Si en algo noto que mis neuronas cumplen años es en que me pienso las cosas (no todas, faltaría más) entre seis y siete veces, no tanto cuando me conciernen exclusivamente a mí sino sobre todo cuando hay otras personas involucradas. Son luchas interiores agotadoras porque la razón y el corazón tienen demasiado igualadas sus fuerzas. Esta vez, cosa rara, han quedado en tablas, pero siguen mirándose con desconfianza y se nota que se tienen ganas. Yo los observo y me digo que ese tipo de batallas son estériles, pero no me hacen ni puto caso. Estuve francamente tranquila observando los toros desde la barrera, me sentía mera espectadora, como si no fuera conmigo, y eso que su batalla se libraba poniéndome a mí como excusa.
La razón estaba empeñada en que yo no me cortara un pelo, a la hora de escribir en el blog, sobre ningún tema que considerara digno de mi atención; que mi libertad era lo primero; que a quien no le gustara lo que dijera lo tenía muy sencillo: no leerme; que el derecho a mi intimidad pública era sagrado, inviolable; que debía mantenerme firme y seguir con él a toda costa y en la misma línea que lo he mantenido.
El corazón, siempre tan tierno y liberal para muchas cosas, defendía sin embargo que la libertad de uno finaliza donde empieza la de los demás, y le reprochaba a la razón que no contemplara la visión de los otros, que no se pusiera en su lugar, que fuese tan fría y no sintiera nada ante la más mínima lágrima, ni siquiera hacia ésas que se derraman por el cristal cuando llueve.
De vez en cuando ambos me miraban como queriendo que les diera la razón al uno o a la otra, pero, claro, yo era precisamente la menos indicada para decantarme por ninguno de los dos.
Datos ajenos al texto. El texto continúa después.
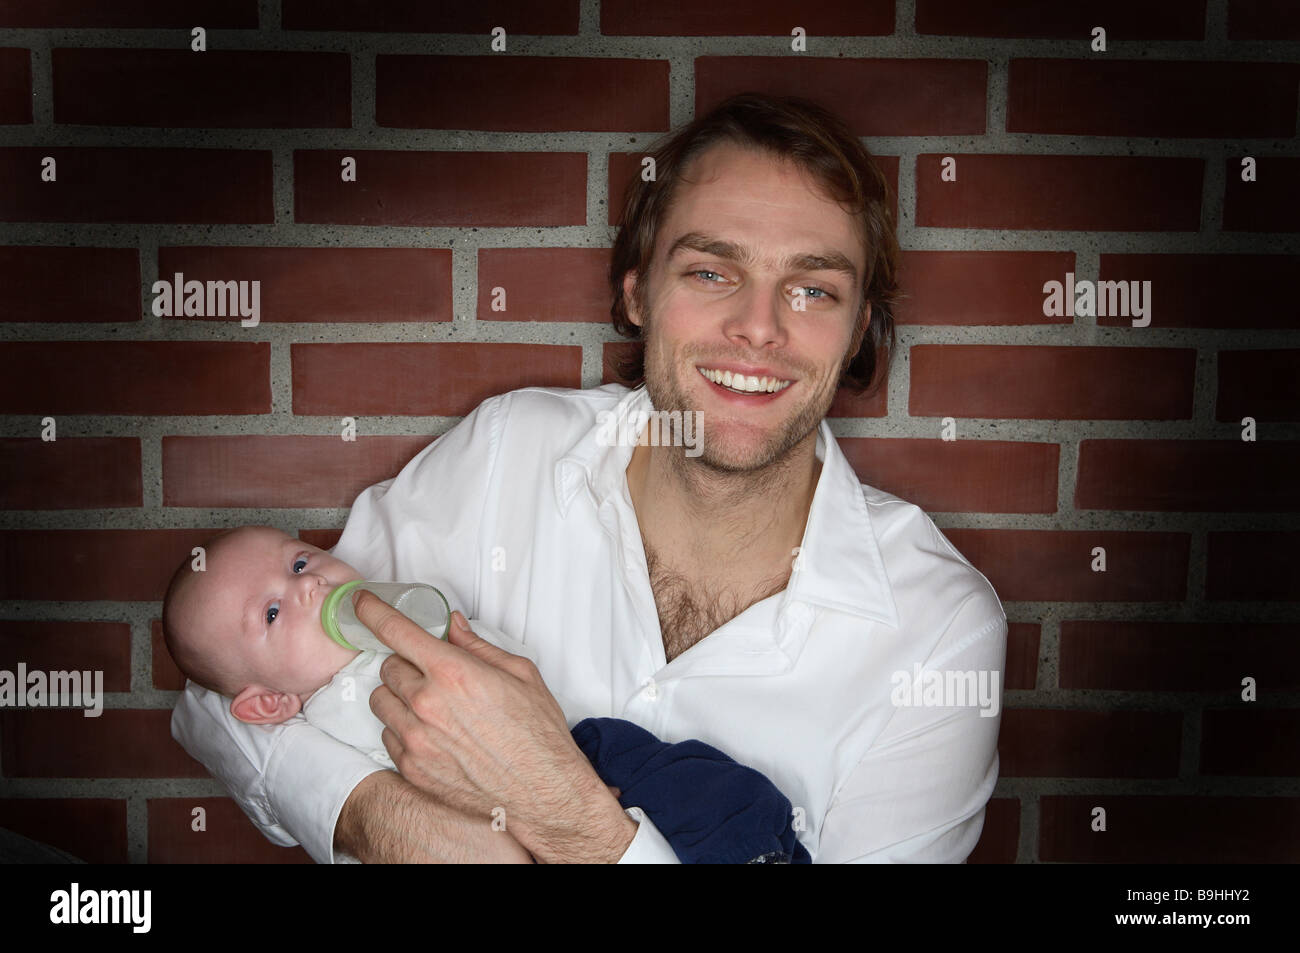 Jeune homme souriant bébé rss personnes portrait flacon de 20 à 30 ans 30 à 40 ans blond foncé barbe de trois jours seul parent gaiement Banque D'Images

Lo más que podía hacer para ayudarlos era aportarles datos sobre la cuestión que se dilucidaba, explicarles por qué escribía lo que escribía y si lo hacía con buena o mala intención, o con ninguna. Y es que a mí, la verdad, las discusiones bizantinas me parecen una pérdida de tiempo.
Pero como seguían erre que erre, empecinado cada uno con su visión de las cosas, al final no me quedó más remedio que cortar por lo sano. Consiguieron acabar con mi paciencia y no me quedó más remedio que reencarnarme en Salomón y cortar al niño por la mitad, con suavidad, con cortes precisos para que hubiese el mínimo derramamiento de sangre.
Me llevé a la razón a un rincón y le pedí que me prometiera que si continuaba con el blog se quedaría calladita. Dudó un momento, porque es muy cabezota, y me respondió que estaba de acuerdo si a cambio yo le prometía que seguiría escribiendo en él sin tapujos. Como no soy buena negociadora, y menos aún tengo paciencia, le dije que de acuerdo. Me dio un apretón de manos, como si fuera mi socia, y se sentó tranquilamente a beberse un tequilita. Lo que menos me gustó es que miró con gesto triunfante al corazón, que se había quedado mosqueado por lo que pudiéramos estar tramando.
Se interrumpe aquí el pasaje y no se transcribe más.